Tra questi progetti ce n’è uno particolarmente significativo?

«Si, vorrei parlare di un progetto del 2006 molto interessante che coinvolgeva i governi di tre Paesi, il Butan, l’India e il Nepal e che, oltre al finanziamento Fao, beneficiava anche di un contributo esterno del Fondo internazionale per lo sviluppo agricolo (Ifad). Il progetto che intendeva diffondere il biologico in questi paesi, andò bene da subito. In quegli anni, soprattutto in India, si era assistito ad un incremento dei suicidi dei contadini dovuti alla dipendenza delle sementi dalle multinazionali e in molti credevano che il riscatto potesse passare dal biologico.
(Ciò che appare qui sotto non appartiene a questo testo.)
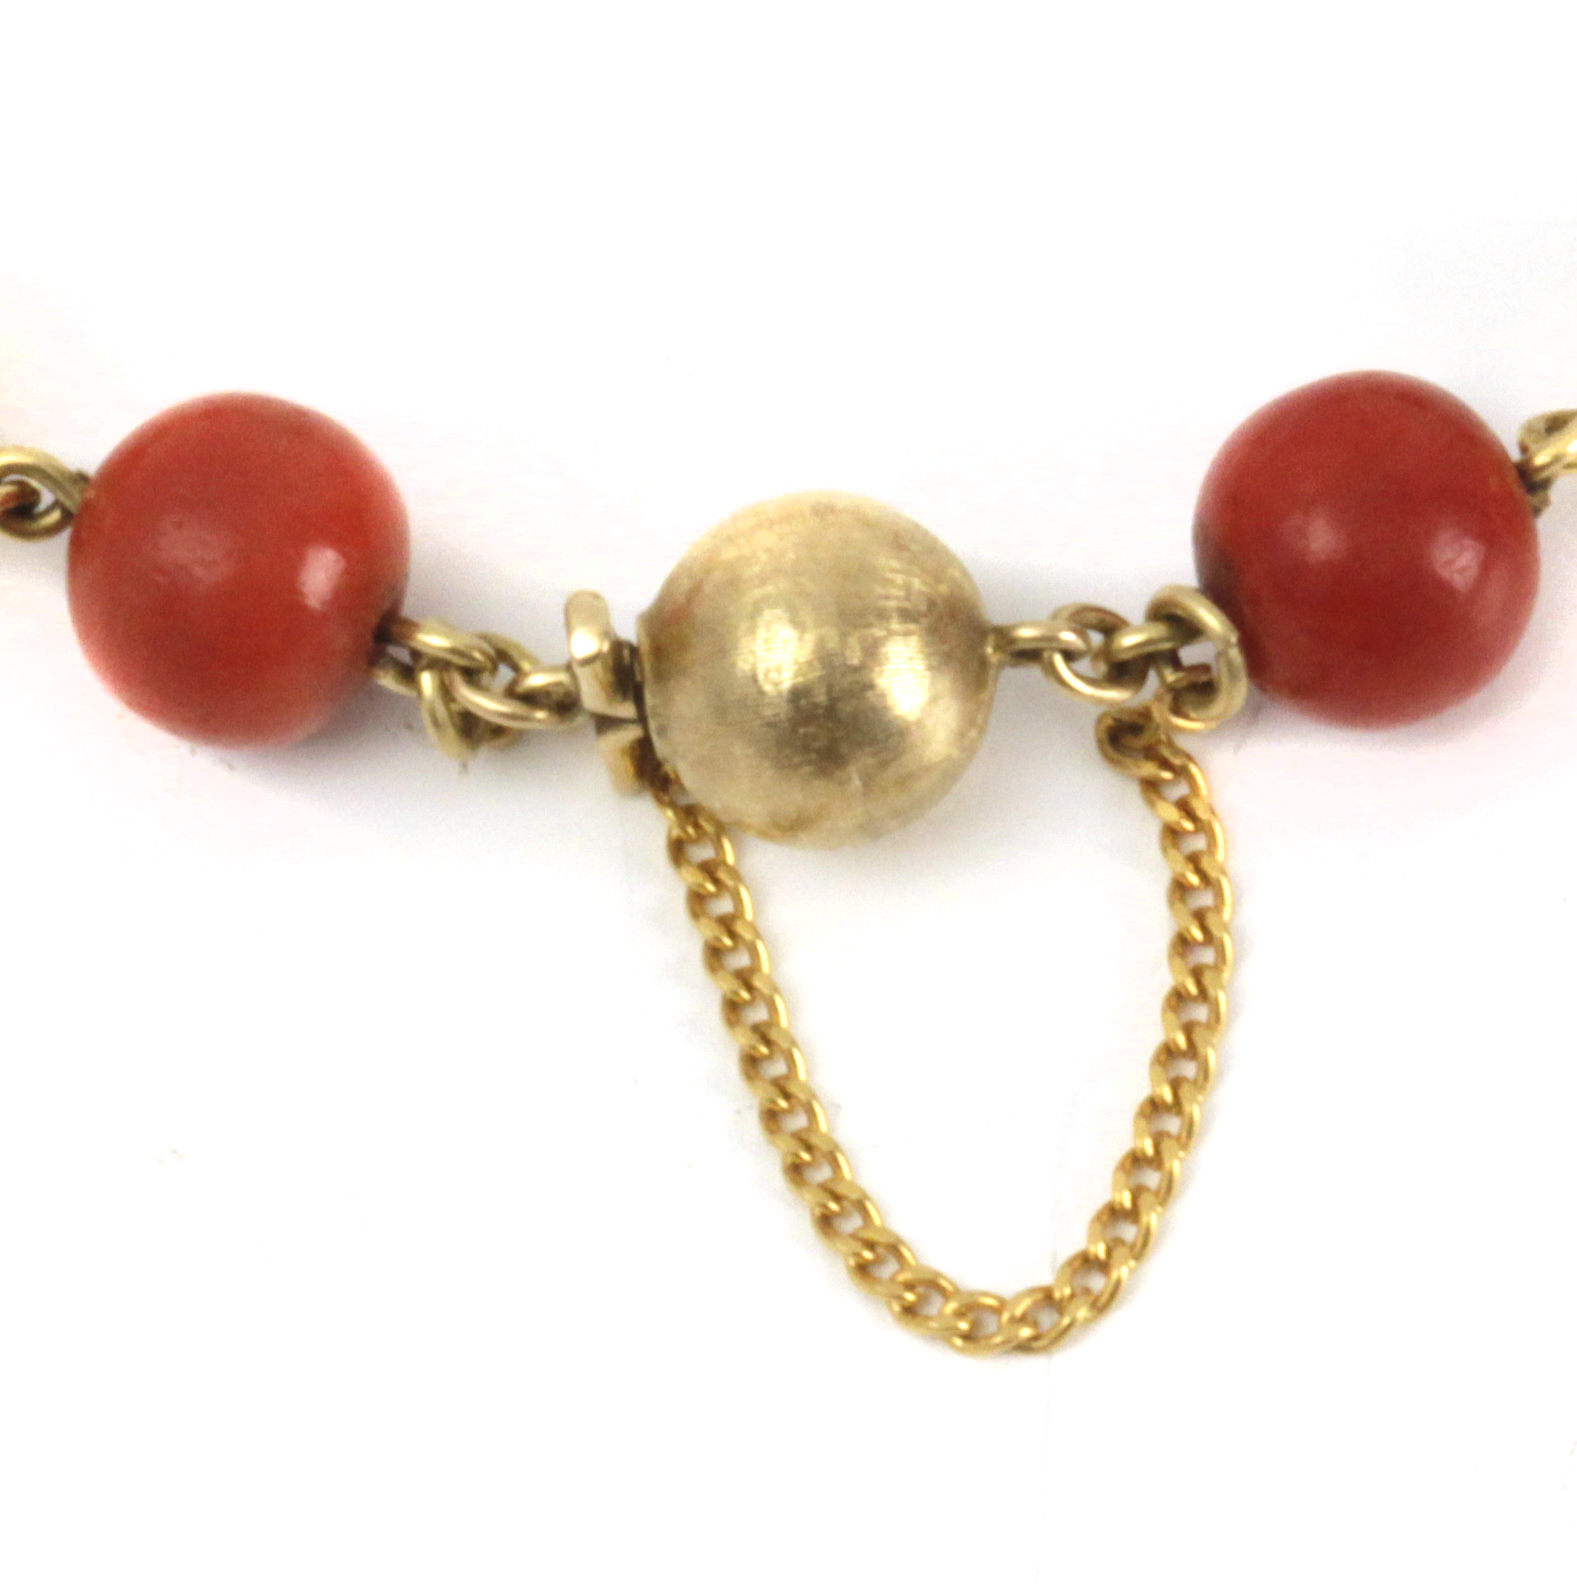 A 20th century 18k. yellow gold and coral beads bracelet - Image 2 of 2

Ma forse farei meglio a dire dal biodinamico, perché quei contadini seguivano le fasi lunari e il calendario delle semine e, sotto la guida di Peter Proctor, neozelandese che ha dedicato vent’anni della sua vita a diffondere l’agricoltura biodinamica in India, utilizzavano le varie tecniche biodinamiche e in particolare il corno letame per migliorare la qualità del suolo. I risultati delle produzioni biodinamiche erano poi la cosa più sorprendente: la produzione di vaniglia certificata bio aveva un’infiorescenza fuori dal comune che si tramutava in oro quando veniva venduta sui mercati internazionali. Questo progetto che sulla carta era per il biologico, nella pratica, fu un progetto per la biodinamica. Ed il successo fu un successo empirico: in quelle realtà gli agricoltori, ma anche i formatori governativi, sposavano l’agricoltura biodinamica in maniera del tutto naturale. Il progetto poi si è bruscamente interrotto, ma ancora oggi in quei Paesi l’agricoltura biodinamica è in espansione, nonostante gli attacchi che l’agroecologia subisce ciclicamente. In Bhutan e nel Sikkim, le autorità hanno puntato a diventare 100% biologici e lo stato di Karnataka ha adottato il Zero Budget Natural Farming».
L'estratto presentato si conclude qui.